5. Family Law: Another of wrong is family law also. In this accused can be punished under Domestic Violence Act, 2005 and Dowry Prohibition Act, 1987 other laws relating to family disputes. The suit/ case can be filed for domestic violence or any other household wrong.

 

Conclusion

The most significant factor in continued use of law to enforce patriarchal privilege is that men still control not only the legal process and the interpretation of laws, but also the subject matter and vantage point of law. If the subject matter of law is male concerns and if the perspective employed within the legal process are those of men, then women should actually have no reason to expect that mere reform of existing law will materially improve the condition of women.

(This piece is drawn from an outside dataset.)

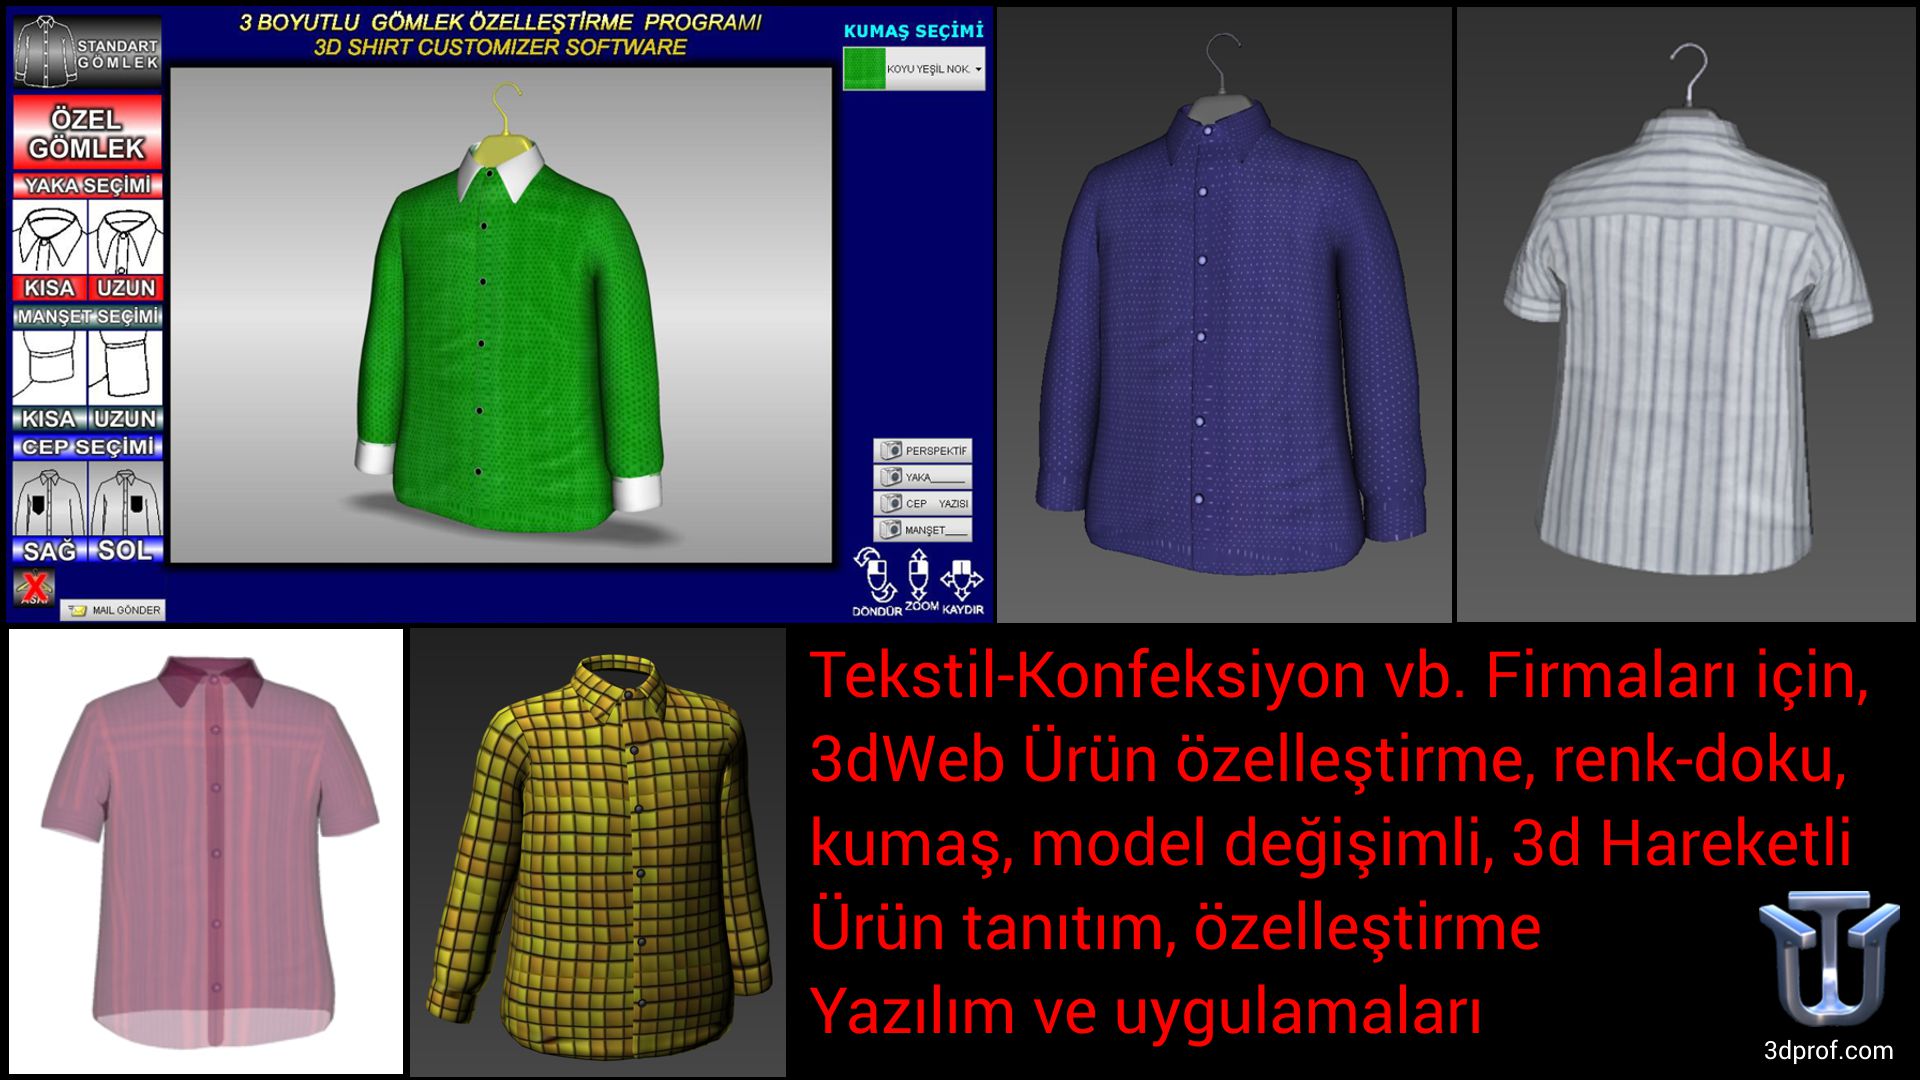 Tekstil-Konfeksiyon vb. Firmaları için, 3dWeb Ürün özelleştirme, renk-doku, kumaş, model değişimli, 3d Hareketli Ürün tanıtım, özelleştirme Yazılım ve uygulamaları

This is particularly true when attempts to improve the statutes of women are made through incremental reforms that are not grounded in an understand

ing of how women’s oppressions are constructed. Reforms of rape law will not materially improve the status of women when the point of rape laws is their no enforcement.

 

It has been shown that law is strictly restricted in it capacity to deliver gender justice, which in itself is contingent on the nature of law and its functioning. In this connection it is worthwhile to recall that the law itself is not a monolithic entity, which simply progresses or regresses. Historically, the development of law has been an uneven one. That is to say, more than not, what law promises on paper cannot carry through in reality. That is why law-as-legislation and law-in-practice are most of the time in contradiction with each other. To cite an example, the Indian constitution explicitly enshrines formal equality for women. However, the lives and experiences of India women relentlessly continue to be characterized by substantive inequality, inequity and discrimination.

 

Gender justice may not be then that much of a caste in the sky. Finally, one must at least clearly suggest what ought to be done. The present feminist analysis is such a modest endeavour which not only attempts to understand the reality but also tries to explain how to change it.

 

“Fight for gender equality is not a fight against men. It is a fight against traditions that have chained them – a fight against attitudes that are ingrained in the society – it is a fight against system – a fight against proverbial laxshman Rekha which is different for men and different for women. The society must rise to the occasion. It must recognize & accept fact that men and women are equal partners in life. They are individual who have their own identity”.